[SOLVED] 3970X - Prime95 stability?

DerAlbi · February 21, 2020, 6:06pm

Hi, i have not read the post (in detail) yet, but this is getting very interesting. Last night (night for me) I had a session with Wendell who was kind enough to spend time with me probing his board, testing Prime95 and so on. He does not have issues.

However i am willing to share another screenshot with you of my oscilloscope findings:

What you see is the voltage Vcore-dip on the bottom. On top i probed 3 of the 16 phases. Here, only the waveform counts, the way i probed to phases does not give me correct absolute values. View it just as indication of what happens!

THE VRM IS INDEED MISSING A CYCLE.
And its worse: it is not only a missing cycle due to a protective feature. I can distiguish this, because the low-side mosfet of the stepdown is turned intentionally ON by the multiphase-controller causing the dip. All phases at once. The CPU does not have a chance.

Now, i have had 2 boards with the exact same issue.
I have to change the CPU first to really double check that it is not the CPU, but it makes absolutely no sense that the CPU would cause that issue. PMBus-Communication is far to slow to misconfigure the VRM for only one cylce.

My current guess is that the XDPE132G5C has some sort of configuration issue (which can be fixed by bios update) or it is actually a hardware fault inside the chips - as if there is a bad badge or something from Infineon.

PLEASE tell me that Franz is a German name? Where do you live? Send PM.

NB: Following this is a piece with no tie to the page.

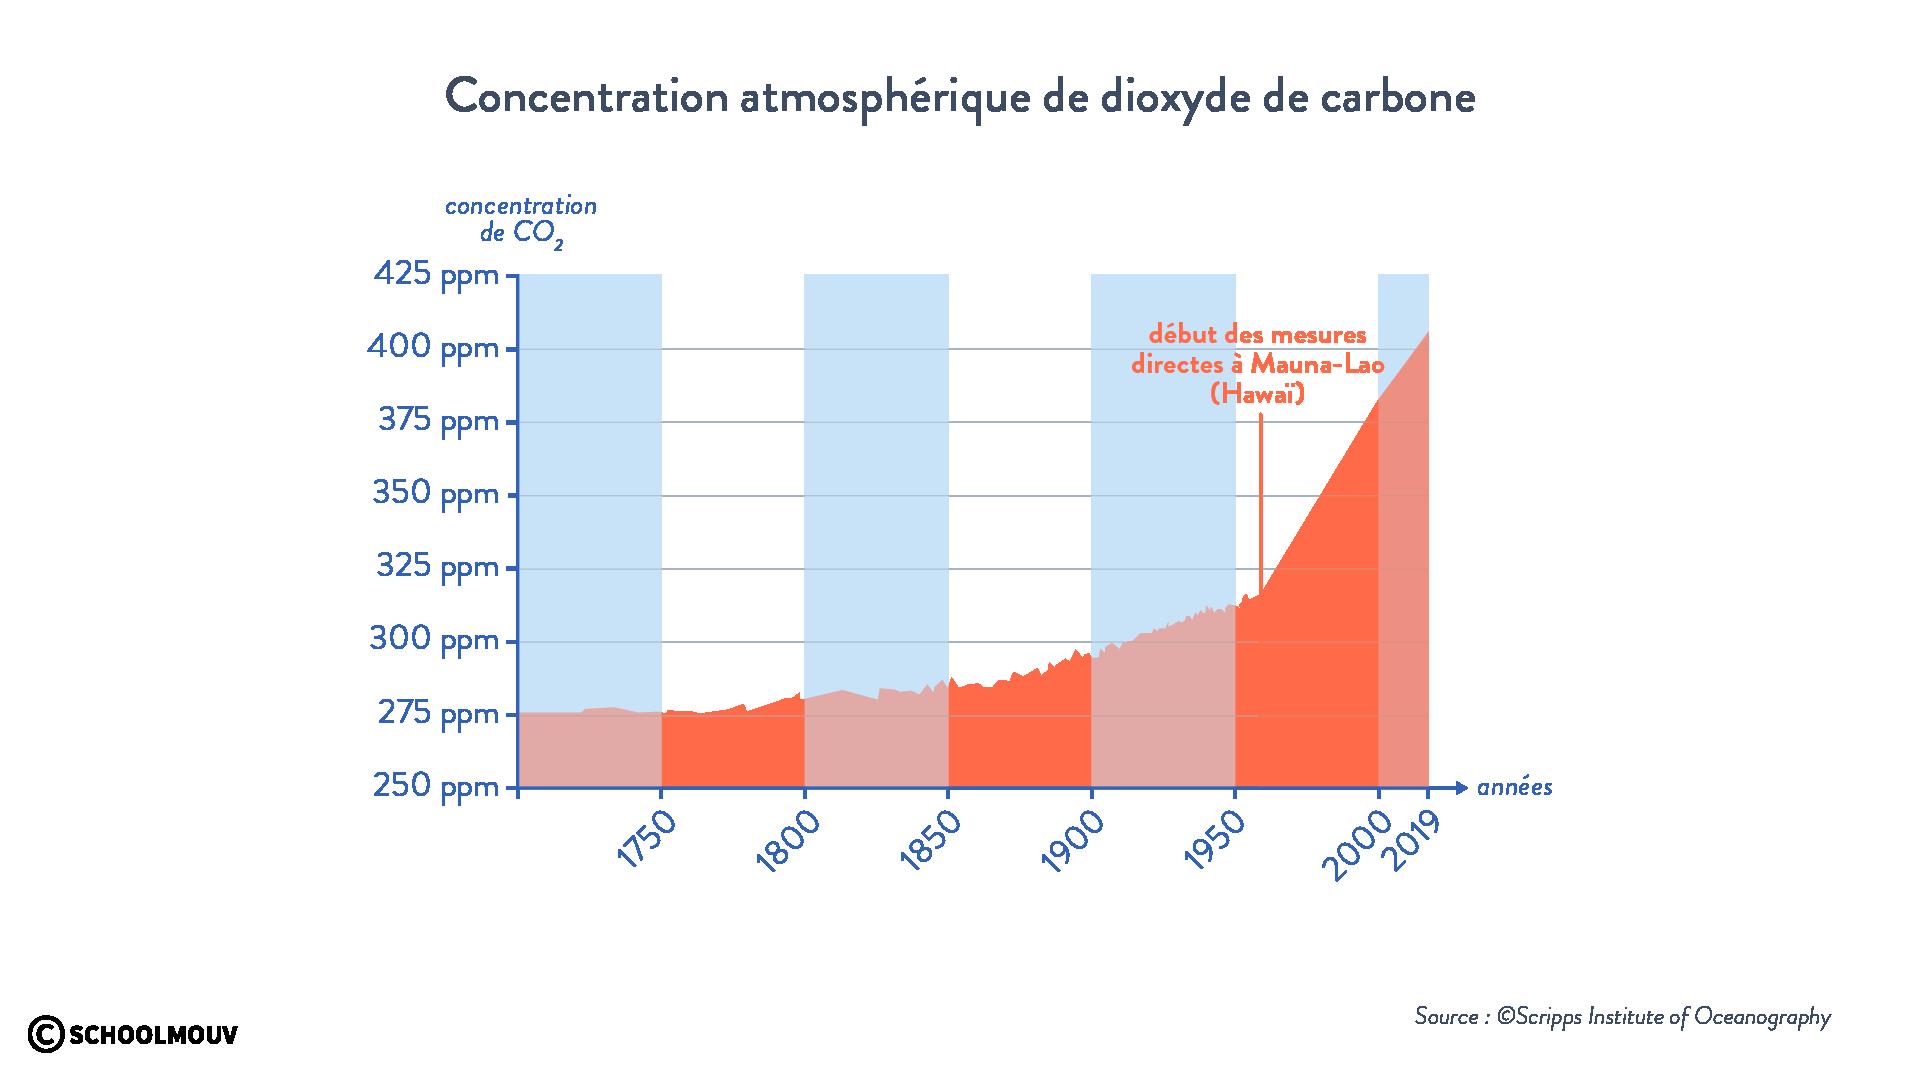 Concentration de dioxyde de carbone atmosphère

In your post people suggest it is a Vdrop issue. Trust me, the boards copper layout is solid. Those boards do NOT generate excessive drop with huge variations (meaning the Load line calibration in bios stock settings should be fine). If someone hints at a drop, i honestly think it is the VRM fucking up. We need more oscilloscopes among the people.

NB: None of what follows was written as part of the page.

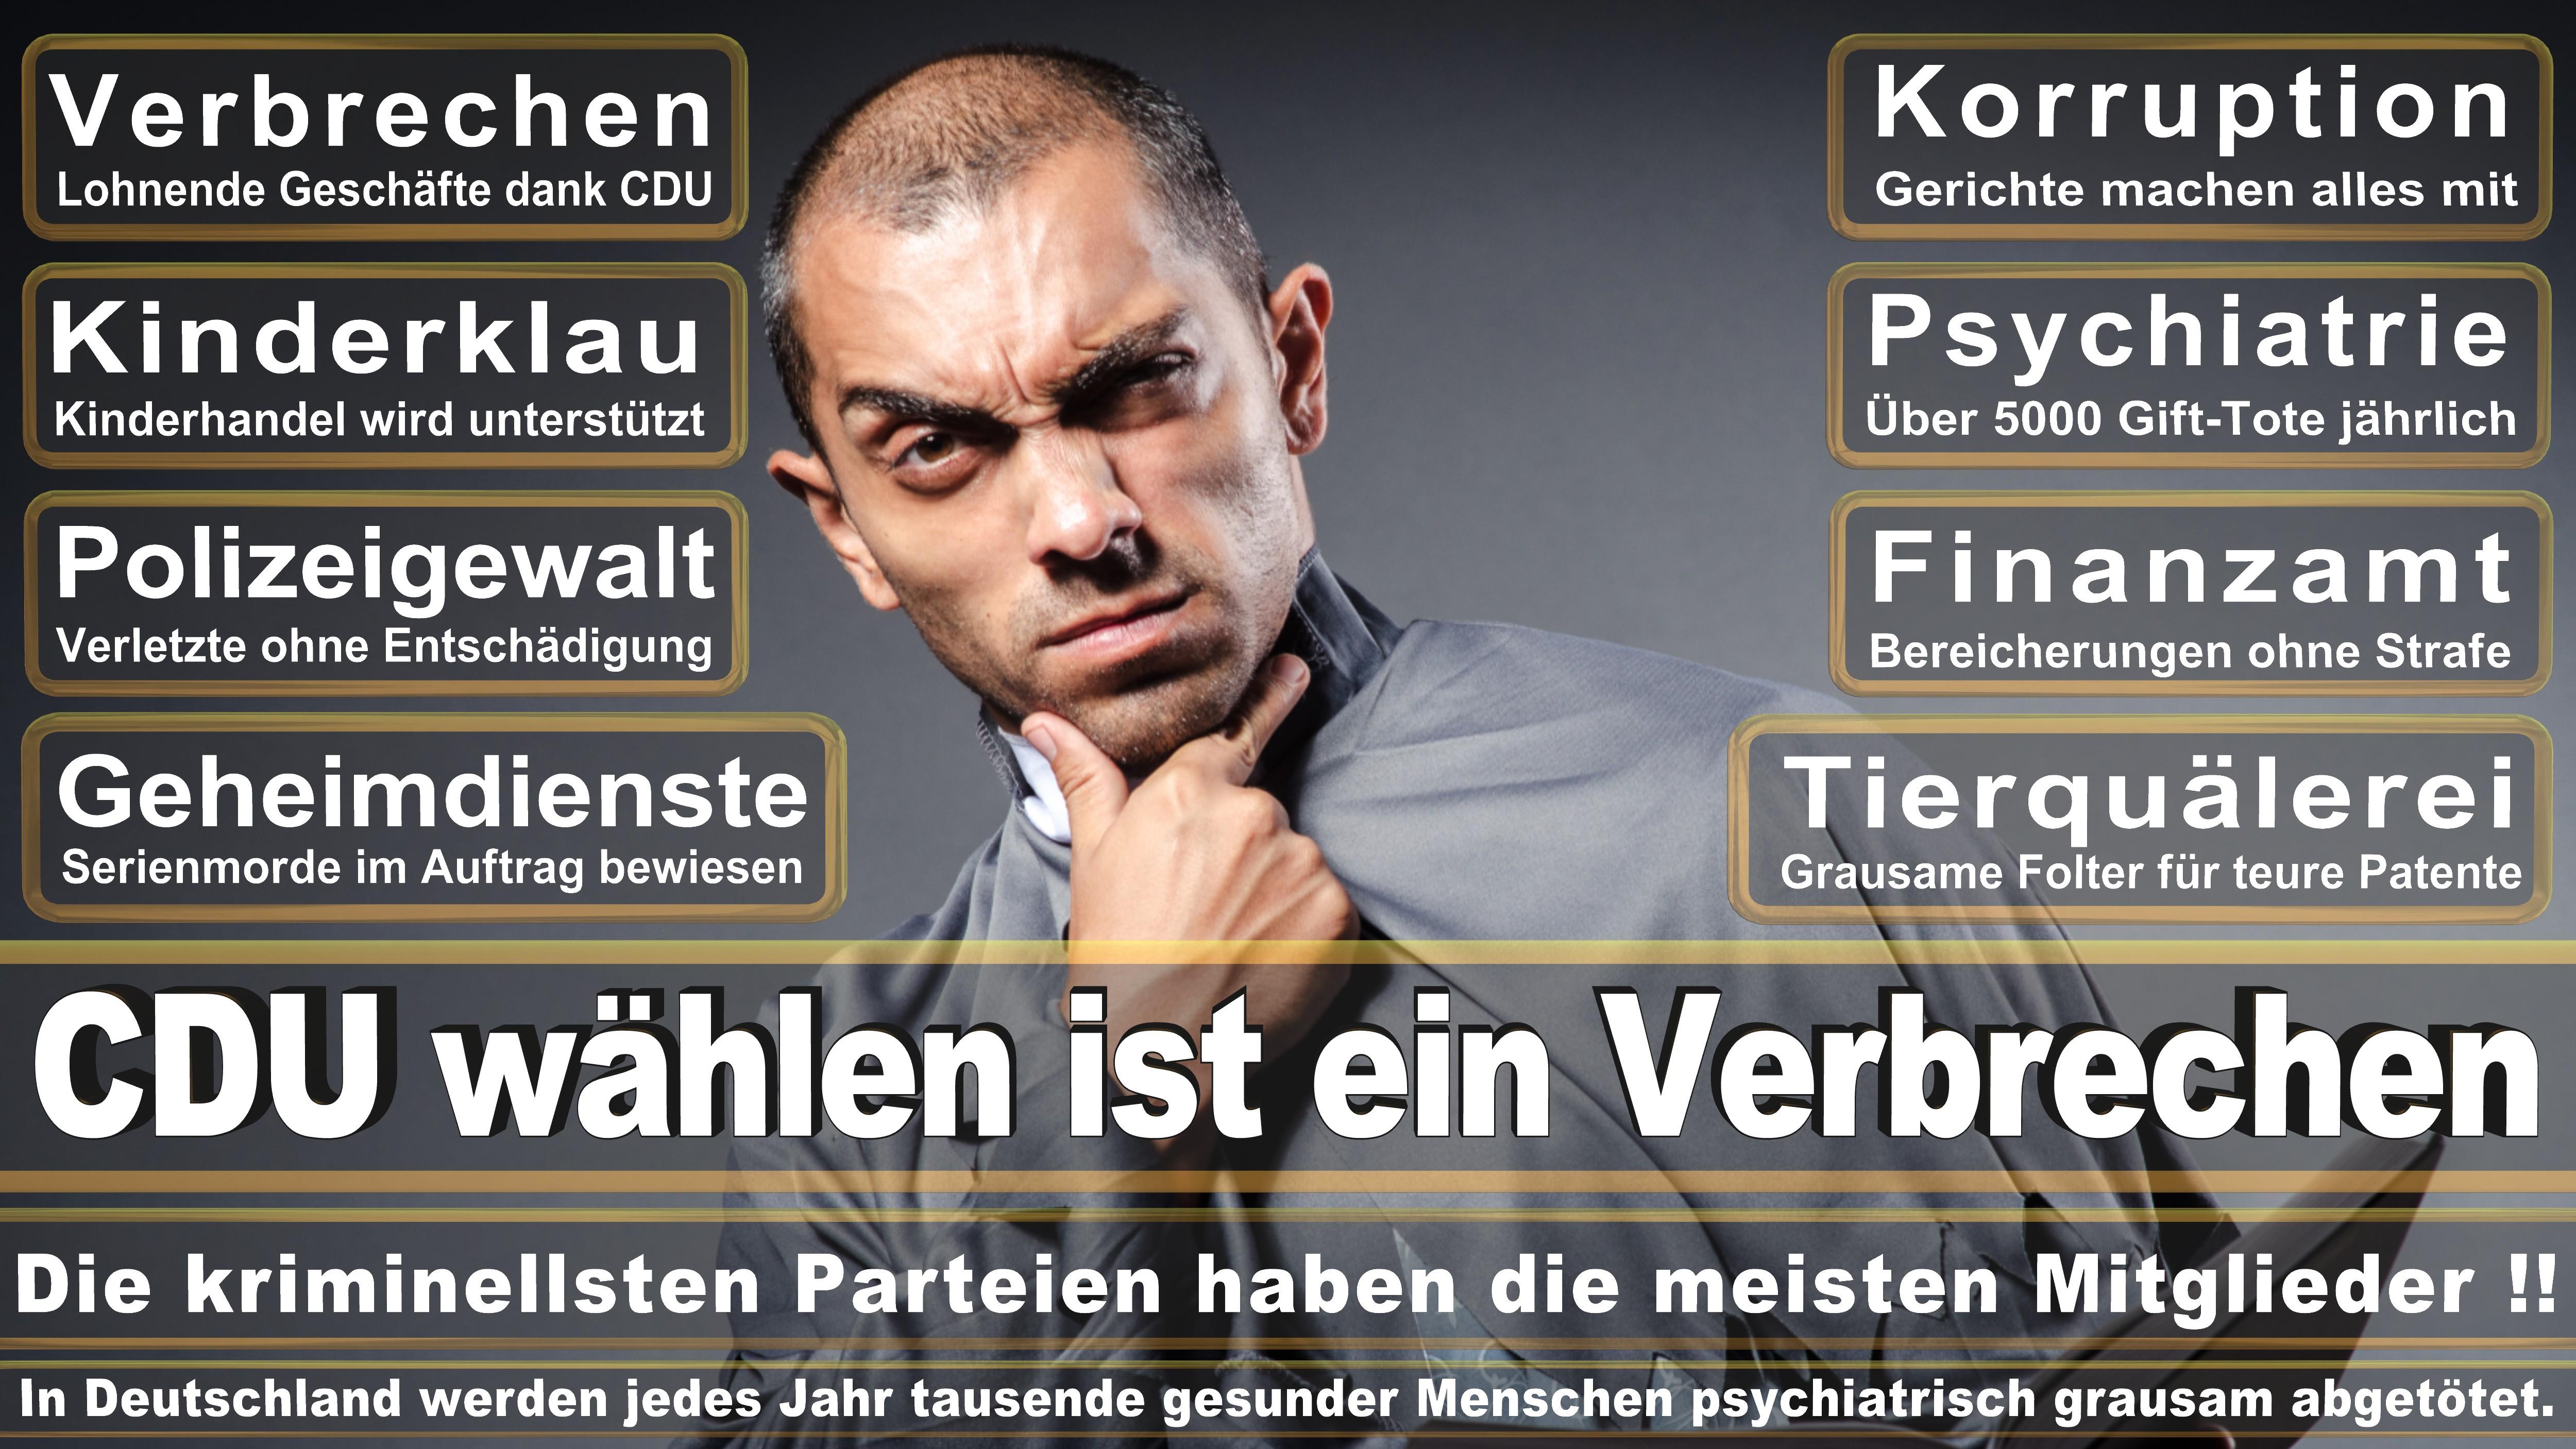 Willi Lemke, Ehemaliger Geschäftsführer Des SV Werder Bremen Und Bremer Bildungssenator

It is very unfortunate that Gigabyte is not taking me serious. I have no power to get through to someone where a technical discussion about intricate details about the VRM is actually fruitful.

FranzB · February 21, 2020, 10:14pm

Hi,

Thanks for sharing your findings. I agree, this is getting really interesting indeed! I’m so glad that we got the conversation going.

I’m French actually Franz is how most people call me, in part because I lived many years in Germany (Berlin), in part because it’s much easier for everyone to spell my name (my actual name is François: no weird ç in Franz!)

I cannot agree more. My dream scope is the Rohde & Scharz RTB2000. Maybe it’s time I shell out the money…

My hope is that we can start a conversation with GIGABYTE. Your scope analysis should go a long way in showing that we’re dedicated to finding out what the duck is going on here.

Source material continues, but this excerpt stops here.